Do you ever just have a hunch?


Lets start a thread about times that you felt like something was off... Went with your gut... and saved a life.

My patient today took a turn for the worse following a routine thoracentesis. Vitals were WNL. Breath sounds were diminished but O2 sats remains 100%. tidal volumes down slightly.... peak pressures up barely.. But something wasn't right. HR was up from 80 to 100. Patient was sweaty. RT didn't think much was up. MD thought it was pain. Morphine didn't help. BP was WNL. Had to beg for a CXR. Showed a return of the effusion. Begged to check a hgb. MD wasn't convinced patient was bleeding... Wanted to get an echo in the AM. This was after the MD assessed the patient. Patient looked HORRIBLE to me.. But I knew her baseline. While waiting for the hgb to come back the patient went PEA and bought a CT for a tension hemothorax. Bleed out at least 2.5L. Alive when I left. MD didn't want to be aggressive.

Never seen blood spray like that.

Happened really fast. Never lost her BP until she went PEA.....

I'm not gonna lie. I was scared. I've been taking care of that patient for weeks. Didn't want to lose her that way.


331 Posts

Specializes in ICU-my whole life!!.

Congratulations! Seems to me that you have entered the hall of fame. You stayed focus and brushed the doc to the curb. I do hope you charted all those requests/interventions along with NO ORDERS received. If that chart ever gets audited, the auditors will clearly see that you were the HERO here and NOT the numb doc.

In my ICU, since I am military, I would have just ordered the xrays and lab work up. But since you are in a civilian environment, money/insurance prevails on what you can and can't do.

I do hope you gave that doc a stern look right into his/her eyes. Perhaps next time, he would listen to you more attentively.

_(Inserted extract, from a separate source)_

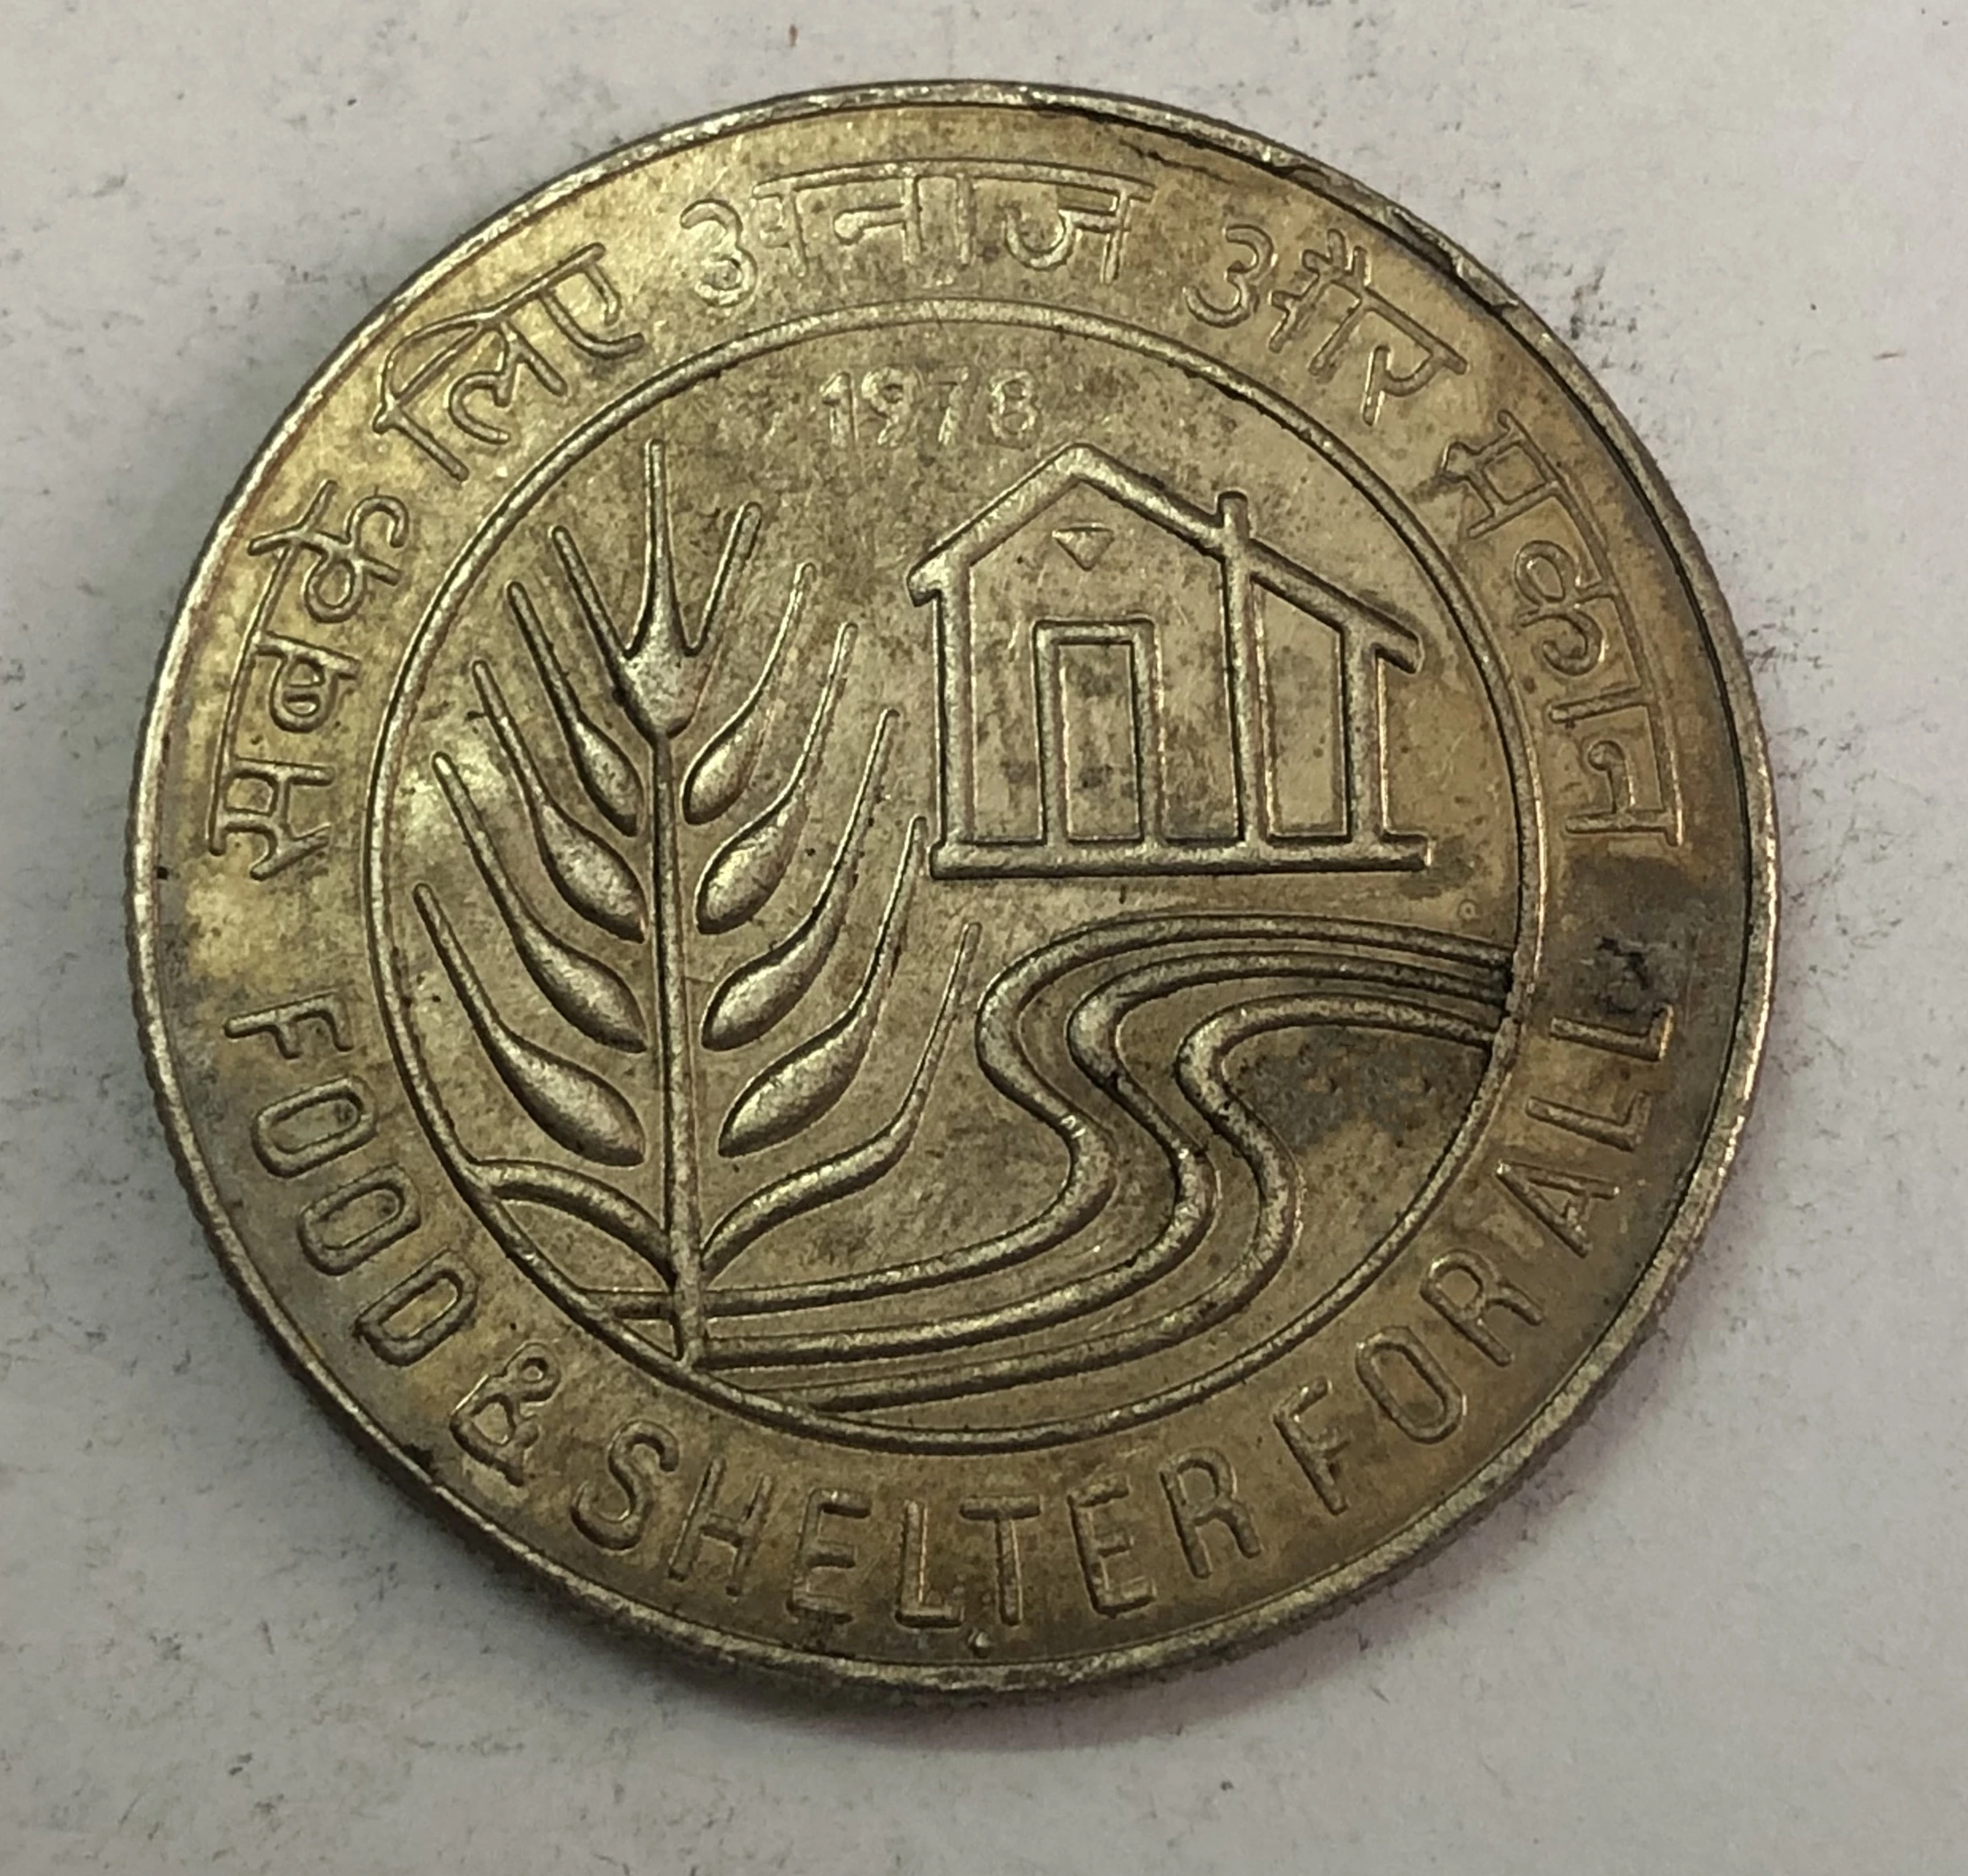 1978 Индия-Республика 10 рупий FAO медно-никелевая монета мумбайская мята

As for being scared, it is normal and you were aware of what you were feeling. I still get the pucker factor every now and then. It keeps you on your toes. The day you are not longer scared in the ICU, is time to do something else.


Specializes in NICU. Has 17 years experience.

I found out this morning that the patient died during the night. Really sucks. I hate to see people do poorly after routine procedures. Reminds you that everything has risks and you don't need to downgrade the risks of routine procedures just because you rarely see anything bad happen!!


74 Posts

Specializes in Telemetry, ICU.

I've worked mostly nights so far in my time in ICU, and it amazes me how many patients of mine pass away the shif tafter I leave them. I usually have that feling and try to get things done, but our on-call docs don't oftern work with us very well. Its sad to sit and think that it could have been prevented, but that's the nature of our jobs...


259 Posts

Has 4 years experience.

I've had it happen x2 with pulmonary edema. Watched it come on all night in both patients and spent a lot of time calling docs. One with a Swann Gans and one without. The one without died that night after going into PEA and being coded for over an hour. You better believe all the calls to the docs were documented very well and as they happened. I had the crash cart outside the door within an hour of my arrival on shift. I knew it was going to go down hill all night.